N.C. Gen. Stat. § 50-13.6 (2017).
Pursuant to our Rules of Appellate Procedure, "[i]ssues not presented in a party’s brief, or in support of which no reason or argument is stated, will be taken as abandoned." N.C. R. App. P. 28(b)(6) (2019).
Secondly, defendant argues that the trial court did not properly calculate the child support obligations of the respective parties. Defendant contends that in calculating child support, the court used inaccurate gross income figures for both plaintiff and defendant and failed to consider the health insurance premiums defendant was already paying.
[Child support] [p]ayments ordered for the support of a minor child shall be in such amount as to meet the reasonable needs of the child for health, education, and maintenance, having due regard to the estates, earnings, conditions, accustomed standard of living of the child and the parties, the child care and homemaker contributions of each party, and other facts of the particular case.
N.C. Gen. Stat. § 50-13.4(c) (2017). "Child support orders entered by a trial court are accorded substantial deference by appellate courts and our review is limited to a determination of whether there was a clear abuse of discretion." Biggs v. Greer , 136 N.C. App. 294, 296, 524 S.E.2d 577, 581 (2000) (citation omitted). "The trial court must, however, make sufficient findings of fact and conclusions of law to allow the reviewing court to determine whether a judgment, and the legal conclusions that underlie it, represent a correct application of the law." Beamer v. Beamer , 169 N.C. App. 594, 597, 610 S.E.2d 220, 223 (2005) (citation omitted).

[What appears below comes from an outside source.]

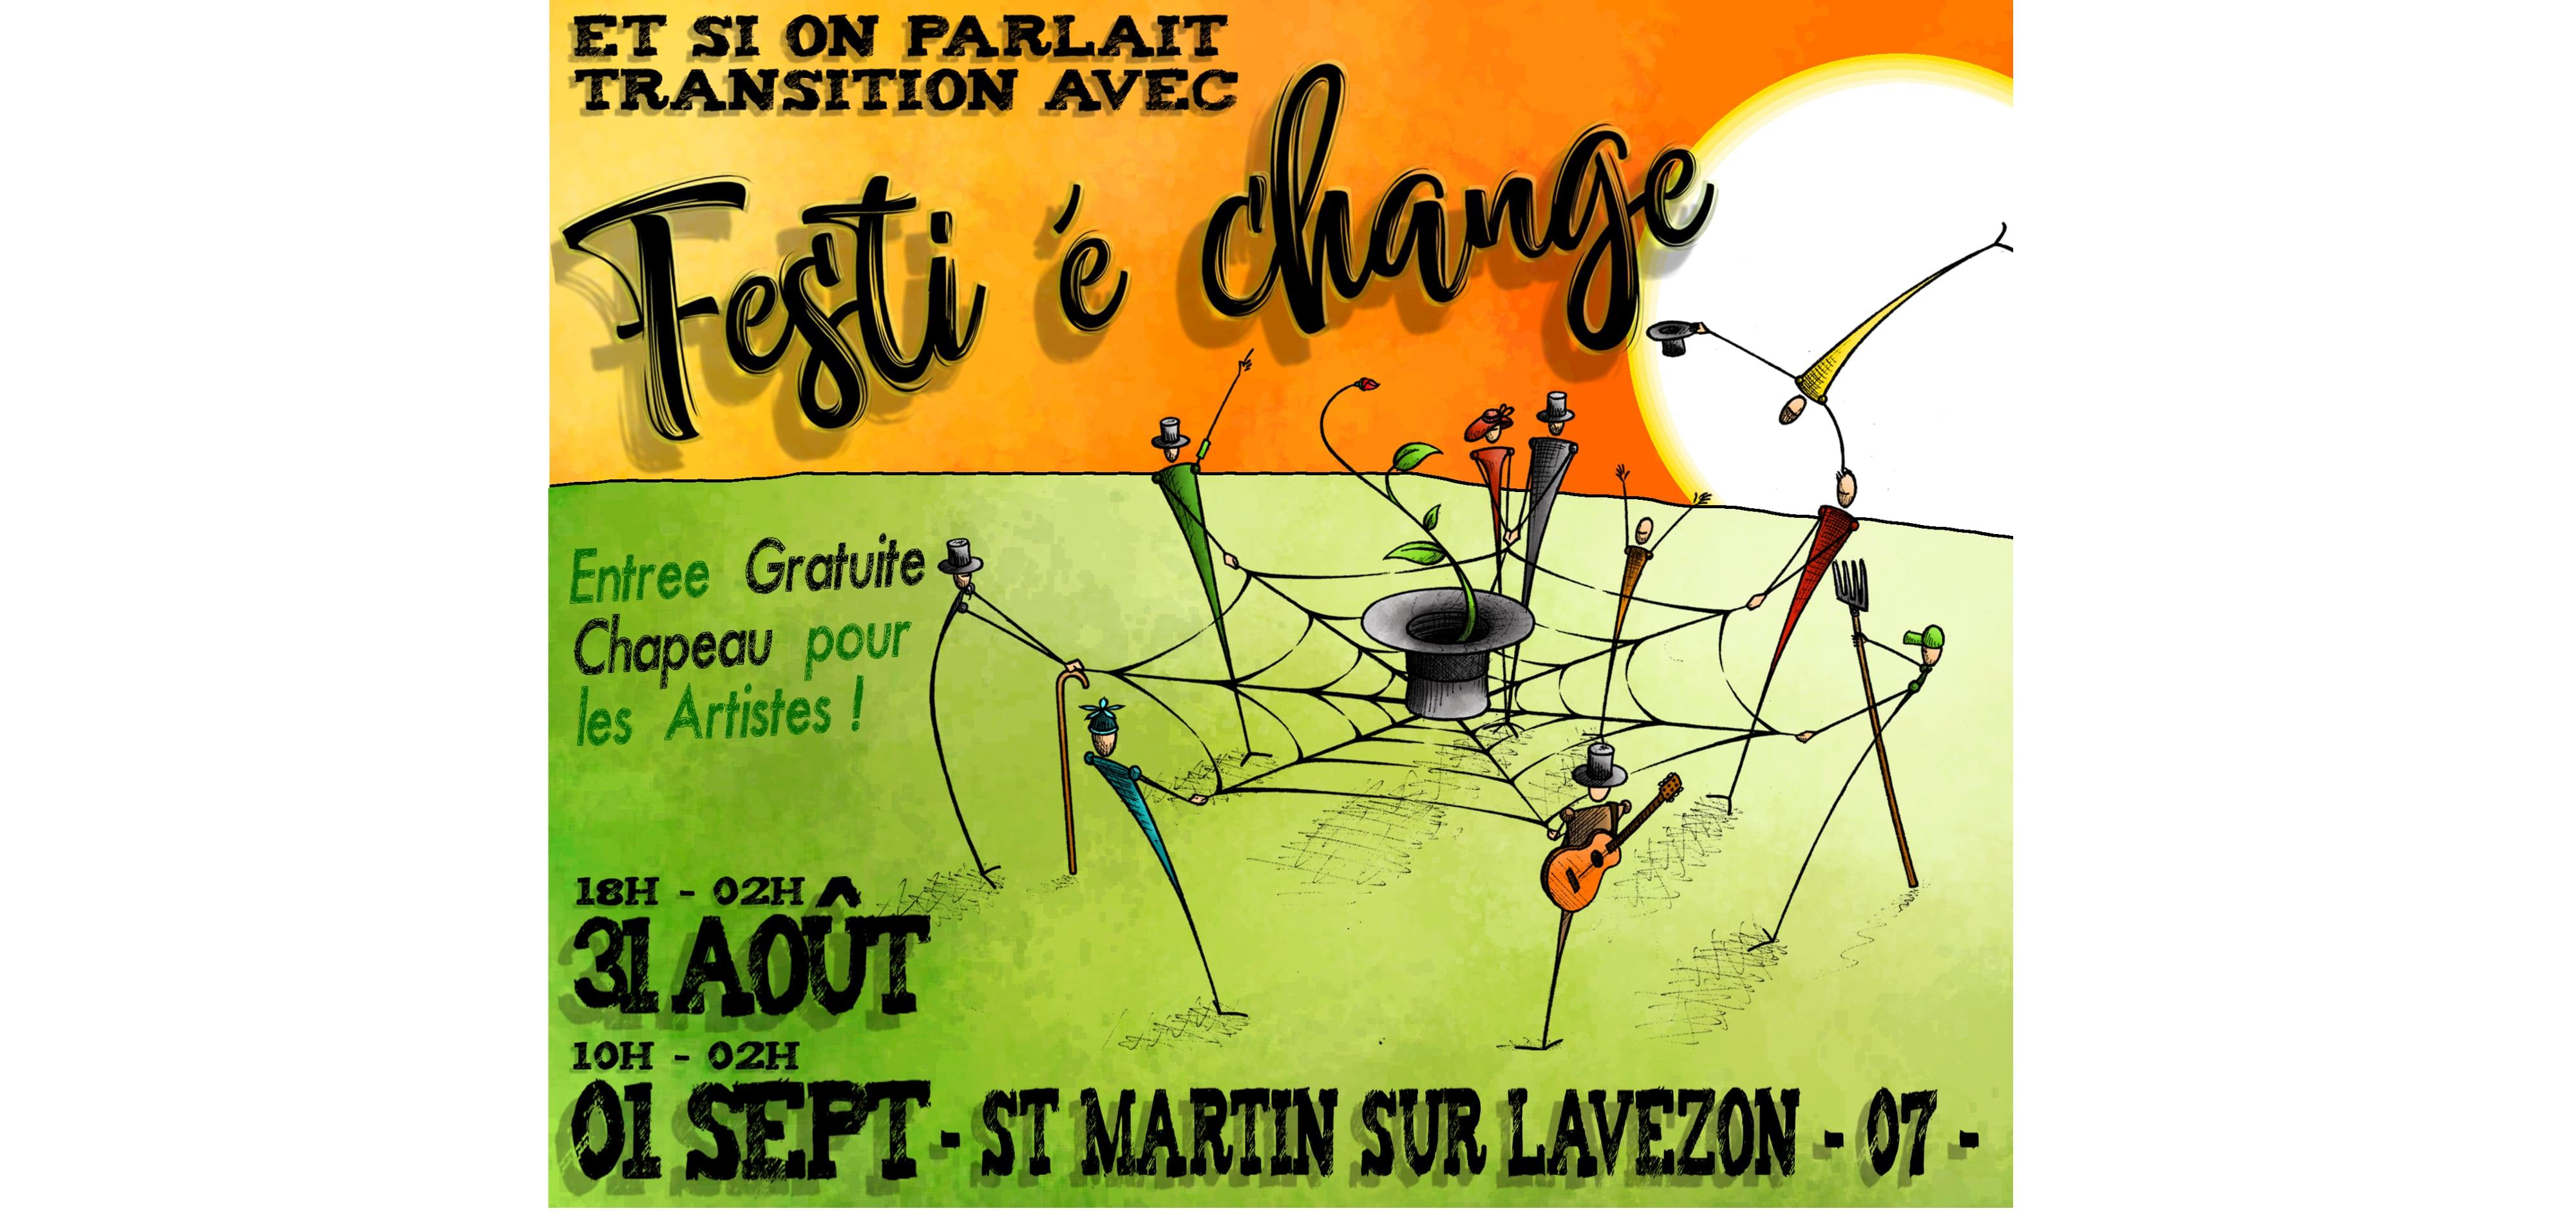 FESTI E CHANGE

Defendant argues that in calculating each parties’ child support obligation, the trial court attributed inaccurate gross income amounts to each party. Plaintiff gave the following testimony on direct examination:
Q Now, is -- is number -- Exhibit Number 17, is that your W-2 form for 2017?
A This is -- it is, yes, sir.
Q And your gross income in 2017 was $103,214?
A That’s correct. That was the gross.
However, in its 23 April 2018 order, the trial court found that plaintiff’s gross annual income was $93,486.74. Further, in calculating the parties’ respective child support obligations, the child support obligation worksheet attached to the trial court order sets plaintiff’s monthly gross income amount as $7,790.56 ($7,790.56 multiplied by 12 equals $93,486.72).
While the amount of $7,790.00 as plaintiff’s gross monthly income was included in a proposed child support obligation worksheet submitted as an exhibit to the court during plaintiff’s testimony, the exhibit reflects an income amount inconsistent with plaintiff’s testimony describing his gross annual income as reflected on his 2017 W-2 statement. Beyond the proposed child support obligation worksheet exhibit itself, we find no support for the trial court’s finding of $93,486.74 as plaintiff’s gross annual income ($7,790.56 per month). Thus, it appears that the trial court’s child support calculation predicated on $7,790.00 as plaintiff’s monthly gross income amount is premised on a conflicted, if not unsupported, finding that plaintiff’s gross annual income was $93,486.74. Accordingly, we reverse the trial court’s 23 April 2018 order and remand the matter for recalculation of the parties’ respective child support obligations.
Defendant further argues that the trial court erred in calculating the child support obligation by attributing to her income earned in 2017 when the order entered did not consider the income of the parties in 2018, the year the order was entered.
It is well established that child support obligations are ordinarily determined by a party’s actual income at the time the order is made or modified. Although this means the trial court must focus on the parties’ current income, past income often is relevant in determining current income. ...
....
What matters in these circumstances is the reason why the trial court examines past income; the court’s findings must show that the court used this evidence to accurately assess current monthly gross income.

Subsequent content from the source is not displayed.